• **Directions for this task**: Omit all pictures and transcribe only the lines in the entries below that run from the line with "From Victoria Falls" through the line with "It's not the".

• **Source material**:
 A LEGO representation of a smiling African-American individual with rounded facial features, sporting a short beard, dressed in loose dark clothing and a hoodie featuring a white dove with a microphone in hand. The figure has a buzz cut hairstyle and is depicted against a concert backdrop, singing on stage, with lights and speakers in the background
--
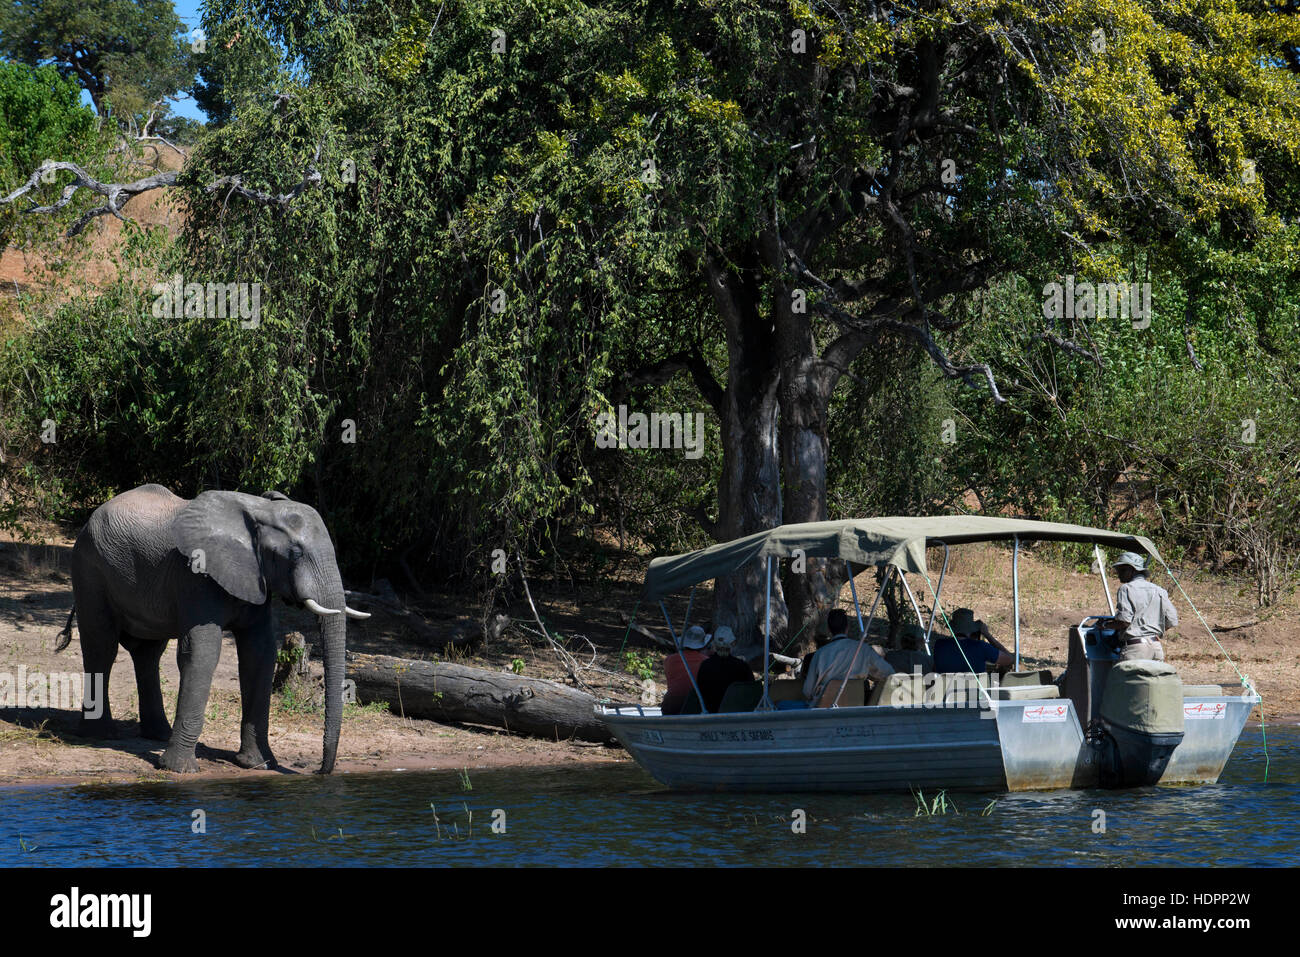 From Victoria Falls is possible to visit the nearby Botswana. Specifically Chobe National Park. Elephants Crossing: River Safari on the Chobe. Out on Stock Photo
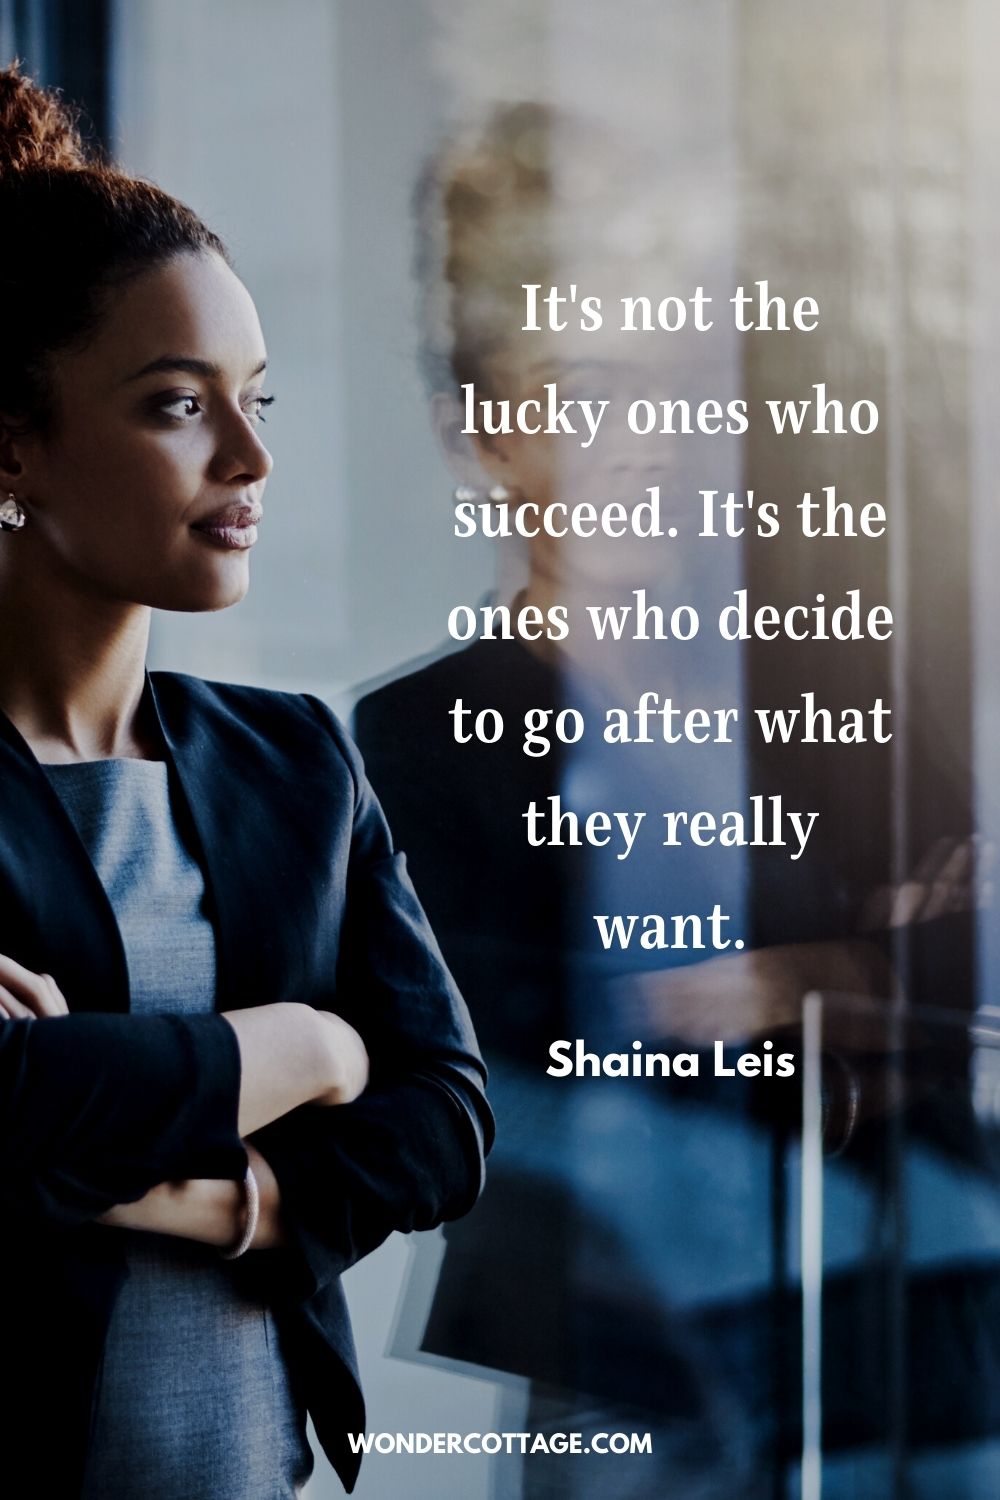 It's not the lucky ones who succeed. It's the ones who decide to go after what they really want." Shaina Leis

• **Response to this exercise**:
 From Victoria Falls is possible to visit the nearby Botswana. Specifically Chobe National Park. Elephants Crossing: River Safari on the Chobe. Out on Stock Photo
 It's not the lucky ones who succeed. It's the ones who decide to go after what they really want." Shaina Leis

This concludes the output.